There’s no denying the fact that the crypto market has been faced with an obscene amount of bearish pressure over the last eight odd months. Despite this, September has been especially turbulent for the industry, with the price of Bitcoin (BTC) dropping below the all-important $20,000 psychological threshold before forging a comeback. 

While these dips have called into question the asset’s status as digital gold and a hedge against inflation, a key question worth examining is how deeply intertwined the crypto market with the global economy is.

To this point, historic inflation numbers have driven the price of everything under the sun — from fuel to food — to record highs. And, despite the S&P 500, a stock market index tracking the performance of 500 large companies listed on exchanges in the United States, being down year-to-date (YTD), its performance has been better than that of the crypto market by a decent margin.

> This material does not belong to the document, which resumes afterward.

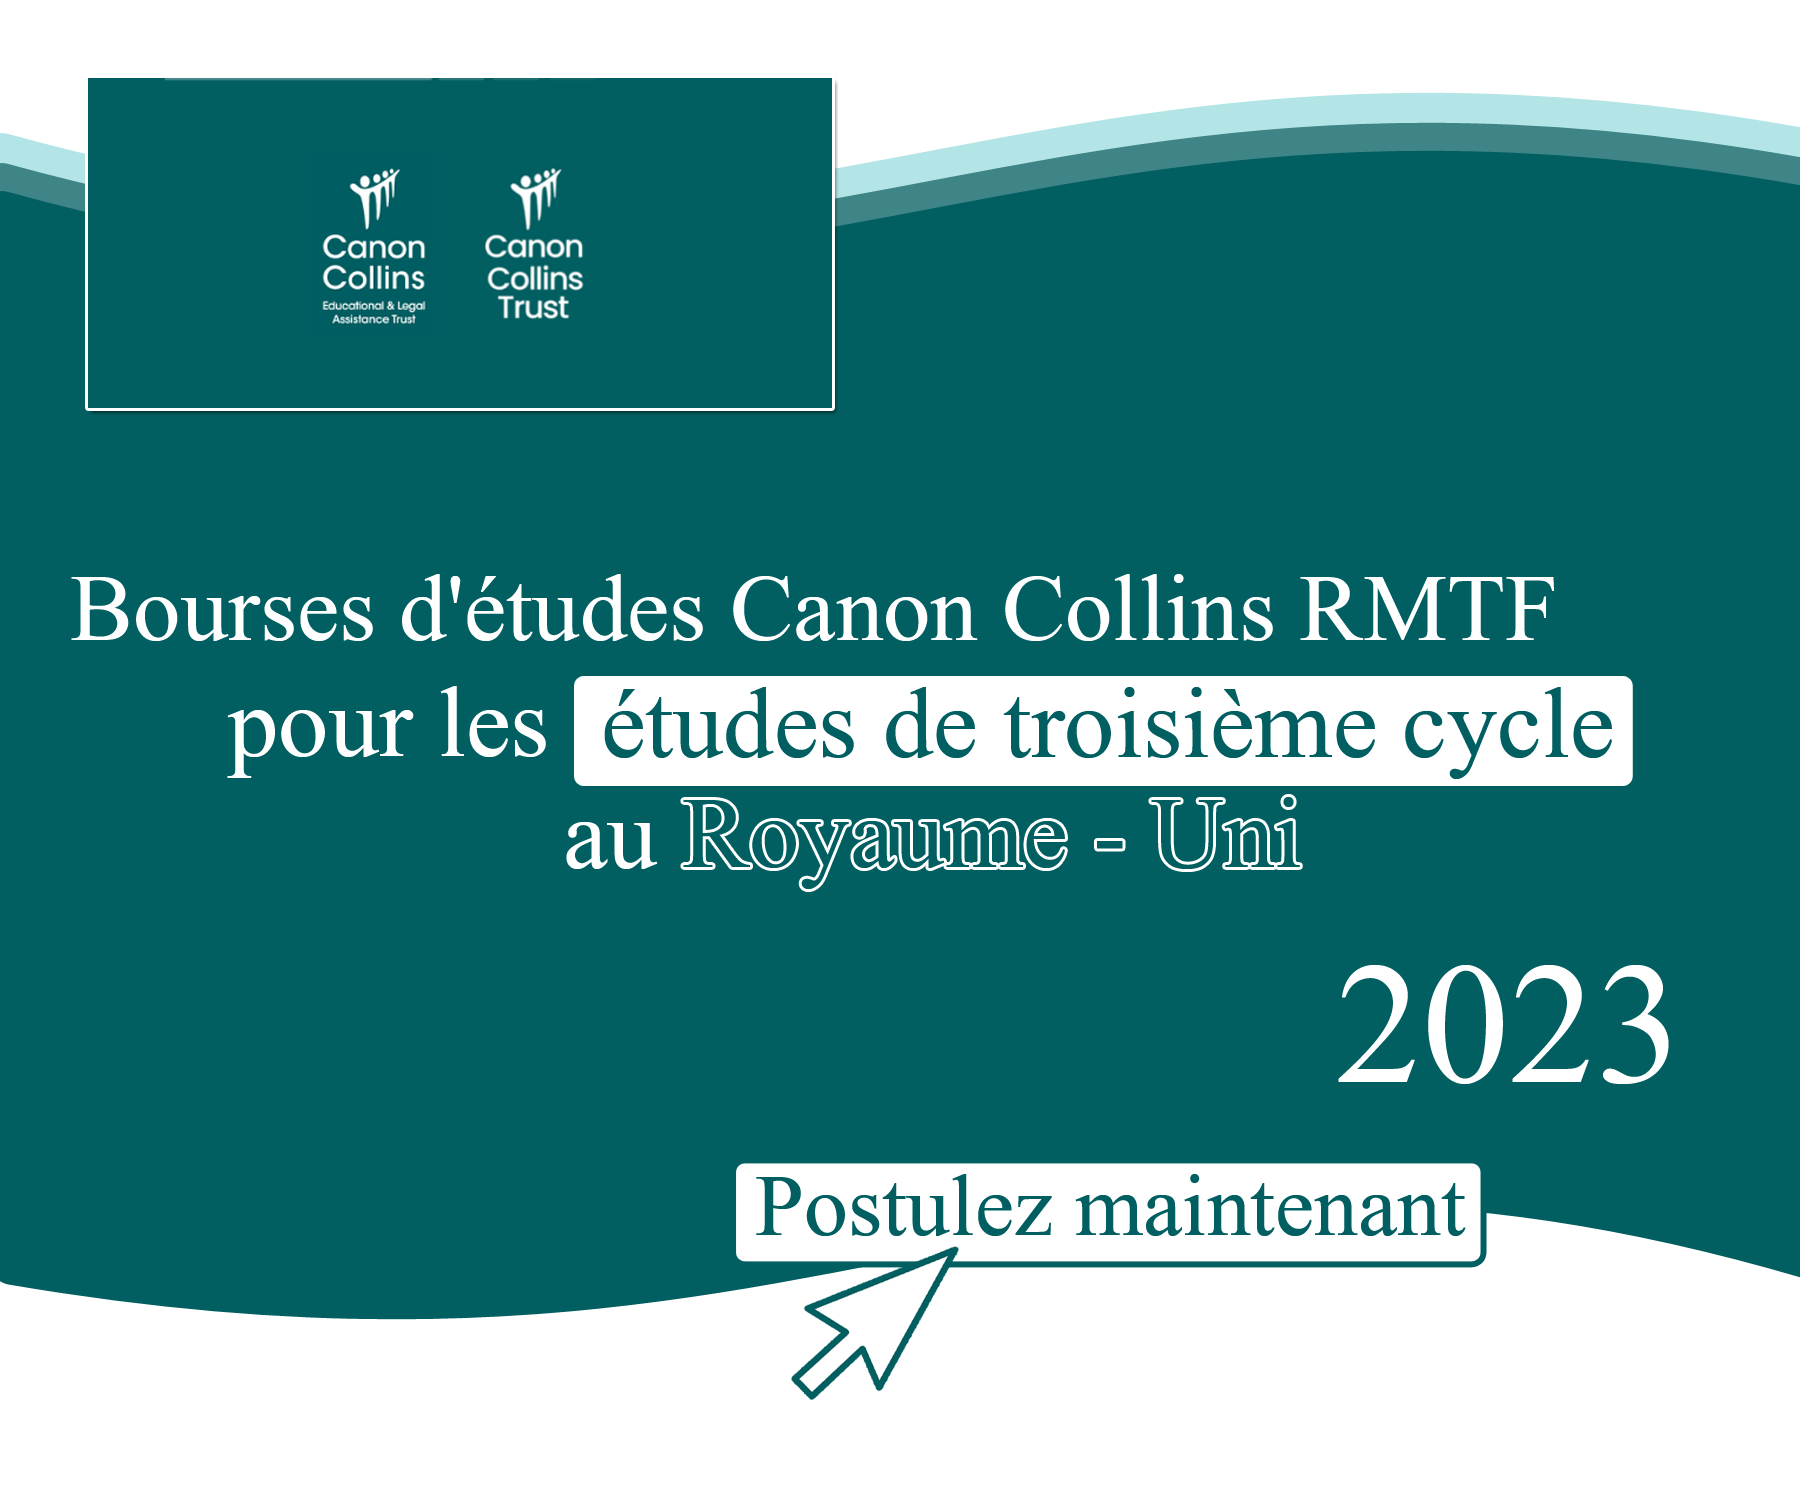 Bourses d’études Canon Collins RMTF pour les études de troisième cycle au Royaume-Uni 2023

Charmyn Ho, head of crypto insights for cryptocurrency exchange Bybit, pointed out to Cointelegraph that just like any other market, the crypto industry is currently being subject to volatilities brought about by macroeconomic factors, adding:

“It is definitely fair to say that the global financial landscape has placed a strain on Bitcoin’s prices. With continued liquidity pressure due to quantitative tightening and uncertainty, investors are tending to shy away from risk assets, which in turn is limiting any upside momentum for the crypto market.”

On the recent recovery above $20,000, Ho noted that whether this is a trend reversal — after a recent confluence of on-chain metrics hinted at a bottom formation — or just a temporary attempt to flush out excessive leverage is still too early to tell. Reflecting on historical data, she believes that the prolonged duration of BTC’s current dormancy may indicate the formation of a reliable floor price, which can help pave the way for the next bull trend.